Wine sampler packs are a great way to buy wine—and to sell it. Customers usually pay less than if they’d bought each bottle individually, and retailers are willing to clip the price because packs help move more wine.
Both effects are exaggerated when a pack is offered with an accompanying narrative. A boxed set called “Picnic Six” or “Winter Whites” or “Fireside” lets a customer imagine how she might serve these wines together. Even if she doesn’t take them on a picnic, drink them in February, or open them with her sweetie before a crackling fire (she might not even have a fireplace), she understands these wines were chosen to go together, and to mean something together. They suggest a story in which she can play a role.
The Ninety Plus Cellars’ “Holiday Essentials” six-pack arrives in box emblazoned with snowflakes, ornaments, and a tag labeled To: and From:. There’s no mistaking the narrative intent: it’s meant as a gift pack, especially one to take to party. Its $60 price tag is discounted from $80, so part of this narrative is also, clearly, “ten bucks a bottle.”

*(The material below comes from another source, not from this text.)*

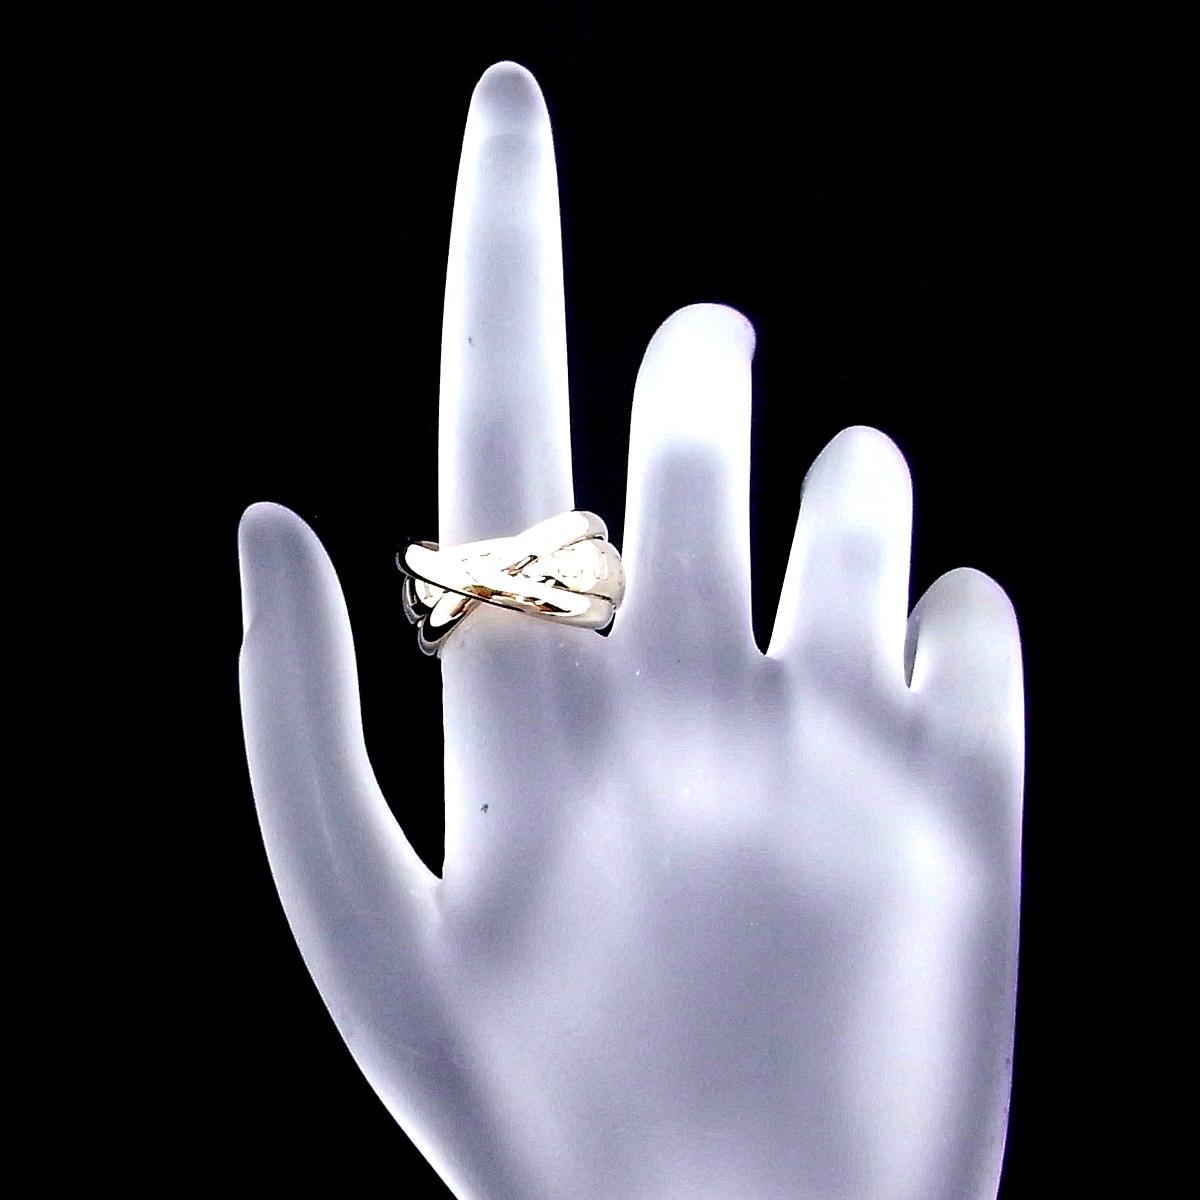 銀座店 Cartier カルティエ トリニティ ドゥ カルティエ リング 指輪51 750 WG ホワイトゴールド 1998年 クリスマス X'mas DH44352 大黒屋質店出品ikZOPXuT

The pack includes one sparkler, two whites, and three reds. The range of styles, from earthy to juicy to fruity to fizzy, gives revelers options, plus pairs with an assortment of foods. I especially like the inclusion of Prosecco, which is a great starter wine, and the Languedoc red blend, which may be less familiar to many people but deserves some love. I was less impressed with the Riesling, and found the Cabernet Sauvignon weirdly smoky. But the Sauvignon Blanc and Pinot Noir would certainly be crowd-pleasers.

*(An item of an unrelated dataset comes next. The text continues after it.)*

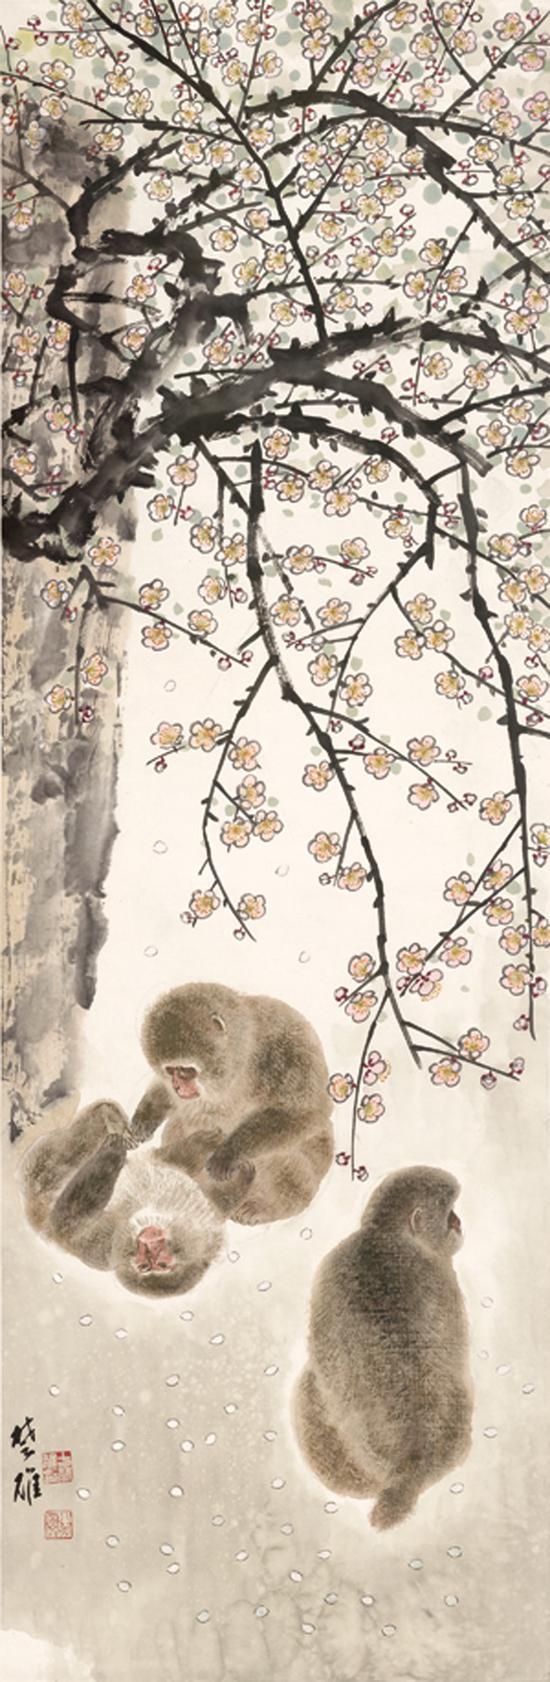 方楚雄《梅花猴子》137.5cm×45cm  纸本设色  2018年

Here’s the scene: A boisterous party, a knock at the door, a guest arrives with the box, which is promptly unpacked and the wines poured around. There’s something fresh in everyone’s glass, now, and people return to their chatter about work and kids and books and movies, about cat videos and Mayan calendars and when to plant their garlic. Everyone’s feeling warm and complete, not because of the food or wine, but because the old year lies behind them, and the auspicious green fields of the new lie ahead.
I can imagine that.
Ninety Plus Cellars Lot 50 Prosecco DOC NV
11.0% abv | about $14 purchased separately
Copious spumy bubbles fizz into aromas of tropical fruits and fresh cream. Yellow fruit flavors and a hint of salty savoriness keep it food-friendly. Festive and likeable; a good way to start a casual party.
Ninety Plus Cellars Lot 66 Riesling Mosel 2010
9.0% abv | about $11 purchased separately
Aromatically restrained and slightly bready, this wine is off-dry with faint hints of pear and yellow peach. Fresh and clean, although I prefer a bit more verve in Riesling. Pair it with seafood, especially white fish.
Ninety Plus Cellars Lot 64 Sauvignon Blanc Lake County 2011
13.0% abv | about $12 purchased separately
This wine is floral but fully dry, redolent of gooseberry, green fruits, and white flowers. Medium bodied with spreading tropical fruits on the palate, it’s refreshing and zingy. Serve it with shrimp or fresh goat cheese.
Ninety Plus Cellars Lot 68 Pinot Noir Central Coast 2011
14.2% abv | about $16 purchased separately
Translucent rosy garnet with a clear pink rim, this Pinot offers notes of cranberry, pomegranate, and winter spices. It would be great with clove-studded ham or roasted, spice-rubbed pork.
Ninety Plus Cellars Lot 72 Cabernet Sauvignon Paso Robles 2010
14.0% abv | about $15 purchased separately
Intensely smoky, with notes of cedar, eucalyptus, and cured meat, but curiously light-bodied given its aromatic potency. Possibly a reasonable quaff with barbecue or smoked meats.
Ninety Plus Cellars Lot 21 French Fusion Languedoc AC 2010
14.0% abv | about $12 purchased separately
A blend of syrah, grenache, and mourvèdre, the wine is purplish ruby with leathery blackberry aromas. Flavors of black bramble fruits are edged with grippy tannins and typical southern French earthiness. Pair it with lamb kebabs, aged cheeses, and charcuterie.
*I received this wine pack as a media sample.